Adds Pinyin to a utf-8 chinese string.
returns string + \n + pinyin + \n

special

a dictionary of strings like:

{
    '卡妮雅': 'Ka3ni1ya3',
    '伊雷米': 'Yi1lei3mi3',
    '乌蕾妮': 'Wu1lei3ni1',
}

It will search for the keys and output the value of the kvp.
This is a 1:1 mapping, if the string doesn't match the left hand side exactly, it will not match. This could be more than just a way to map names, any string can be wholly replaced using this method.

do_not_parse

do_not_parse is a dictionary that default looks like so:

do_not_parse_set = {
    #Chinese special chars
    '?', ',', '!', '。', ';', '“', '”', ':', '–', '—', '*',
    '…', '、', '~', '-', '(', ')', '─', '<', '>', '.', '《', '》',
    '%', '·', '’', '‘', '……', '【', '】',
    #Standard special chars
    '`', '~', '!', '@', '#', '^', '&', '*', '(', ')', '-', '_',
    '[', ']', '{', '}', '\\', '|', ';', ':', '\'', '"', ',', '<', '.',
    '>', '/', '?',
    #Maths
    '=', '+', '-', '/', '%',
    #Currency chars
    '$', '¥', '£', '€'}

Jieba returns a list of words that it has detected. For english words or punctuation, they are returned as well as an entry in the list.

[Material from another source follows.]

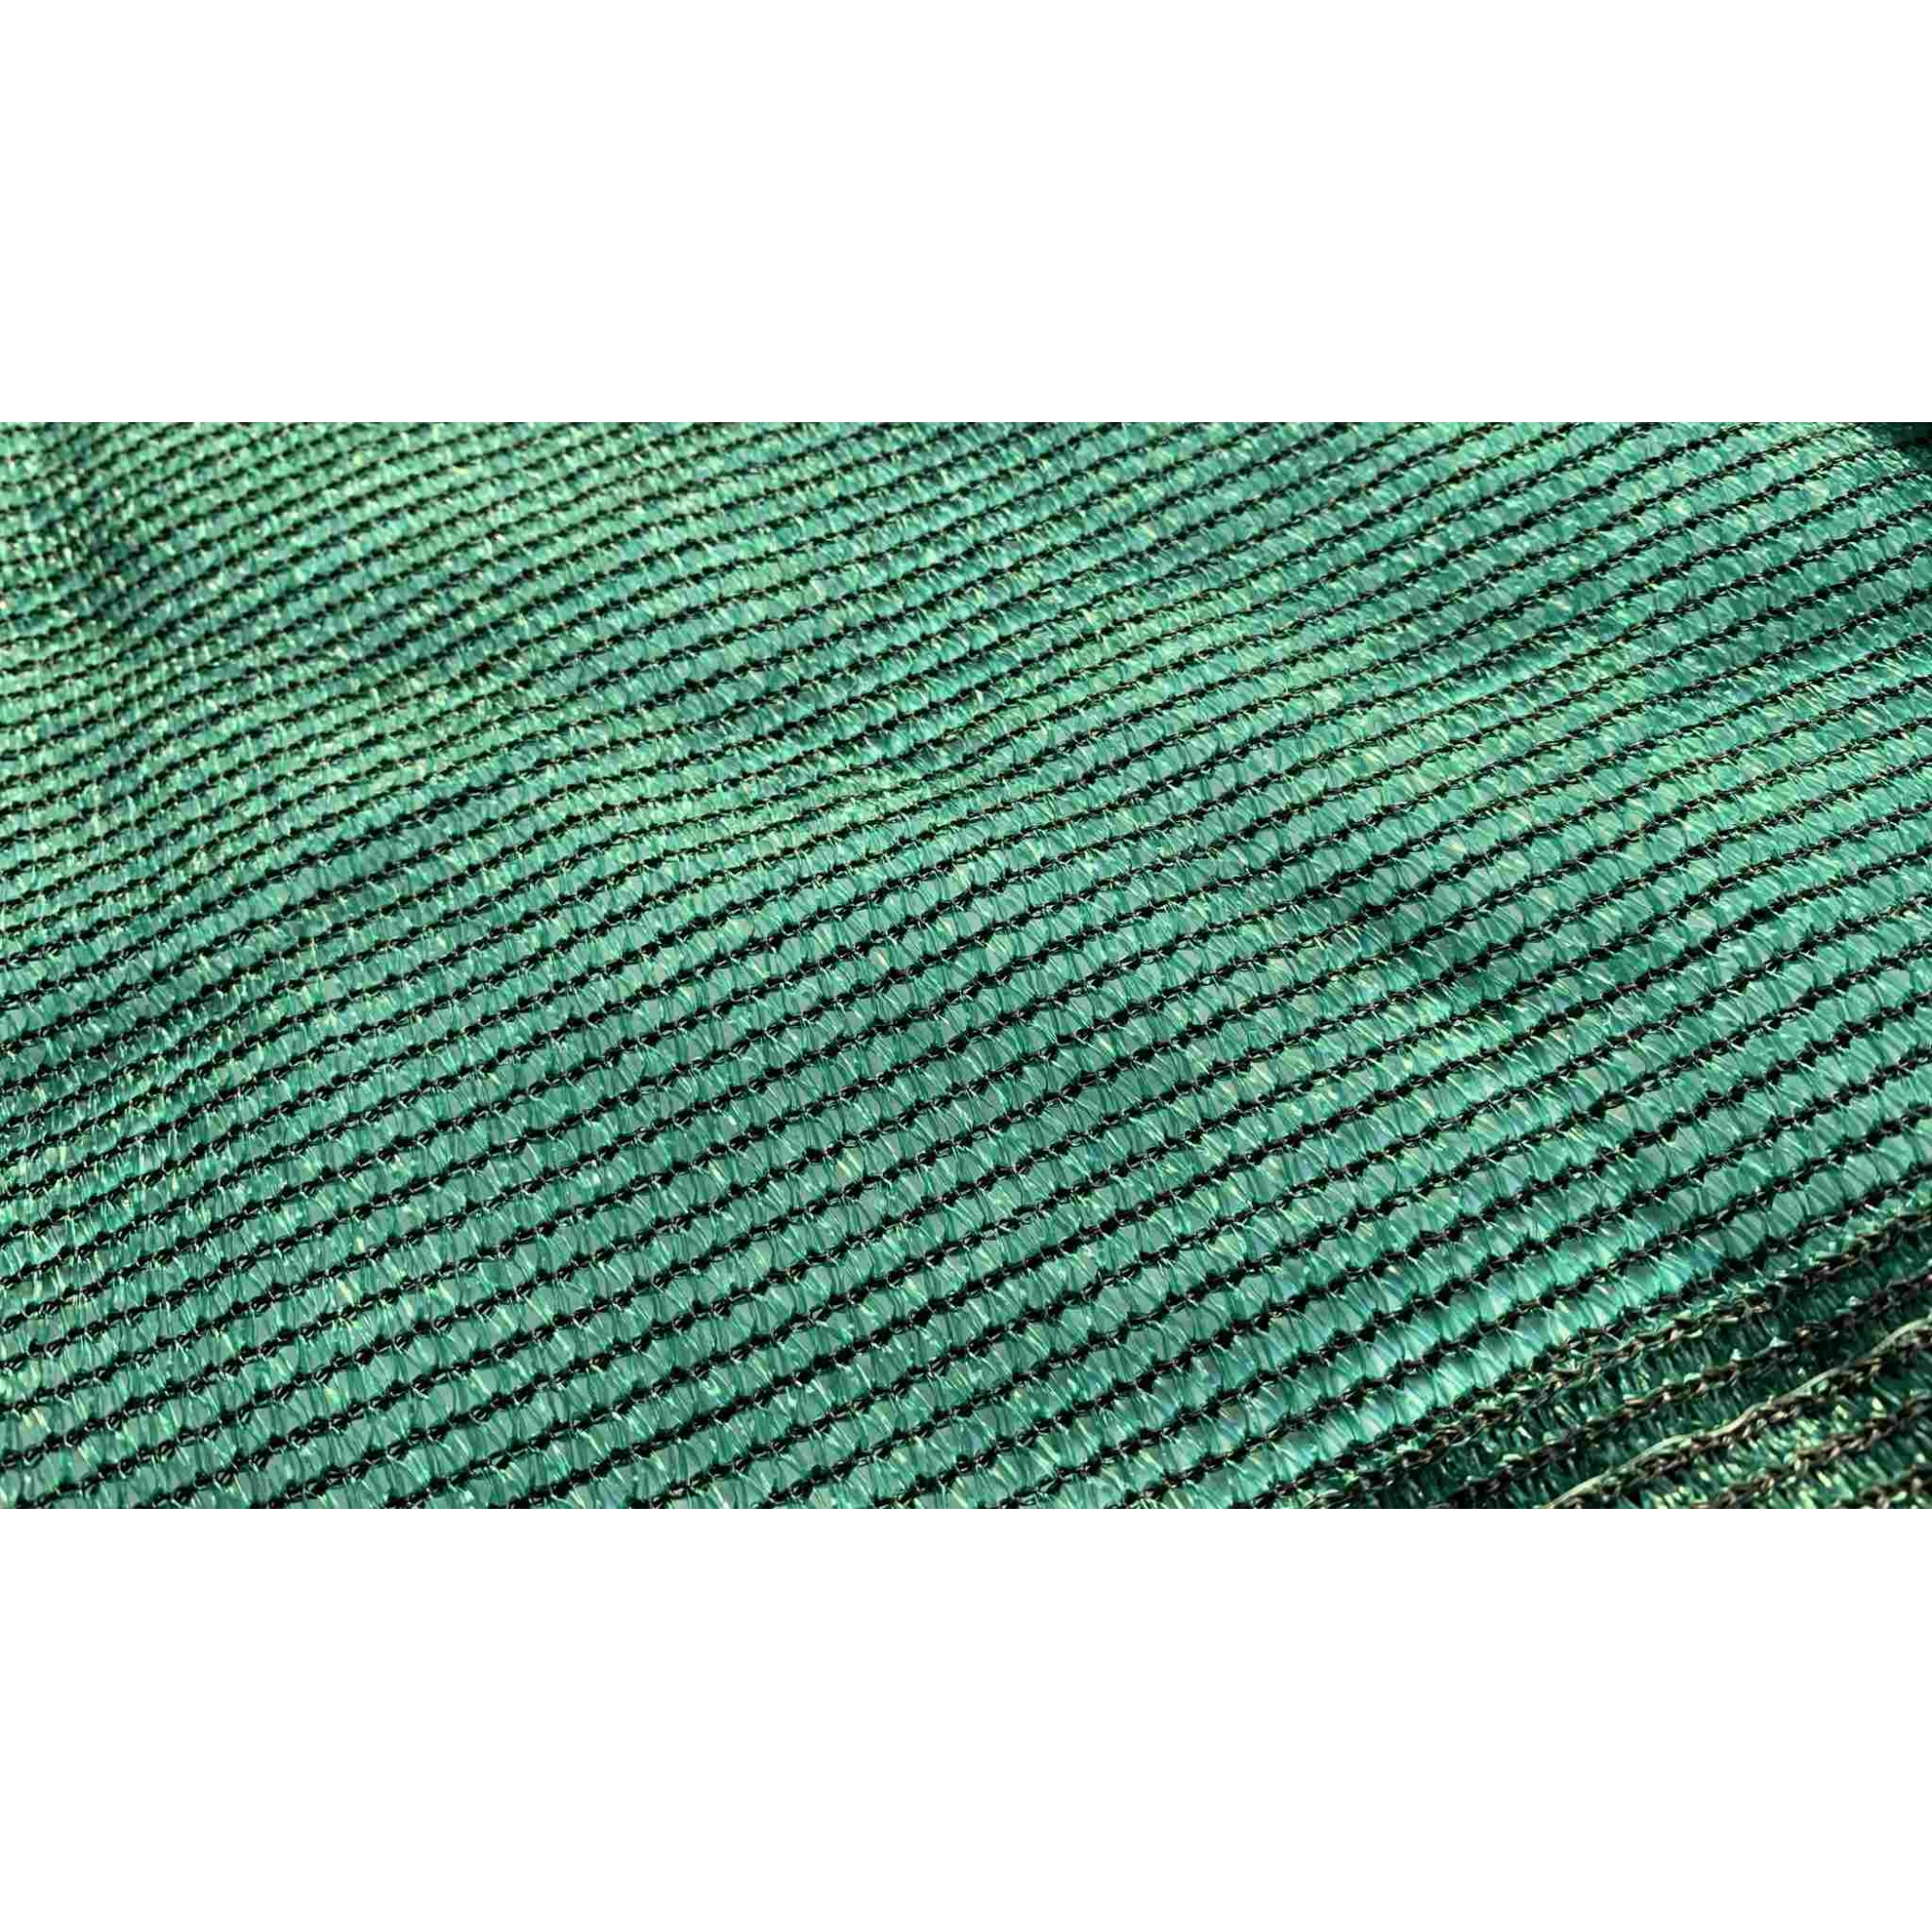 Tela de Sombreamento 80% Verde com Bainha e Ilhós - Largura: 3 Metros

We cut up the sentence using Jieba to generate a list of characters, we then step through this list and add the pinyin to the sentence.

we need to add spaces between the elements of the list when they are added to the sentence, but if it is in do_not_parse it will be added without a space, as punctuation should be.

i.e. ['ni3hao3', '.'], if we don't use this do_not_parse set, becomes: 'ni3hao3 .', with the set: 'ni3hao3.'

so in order to extend this, you can create your own do_not_parse_set (called whatever you like) and union it with the original do_not_parse_set.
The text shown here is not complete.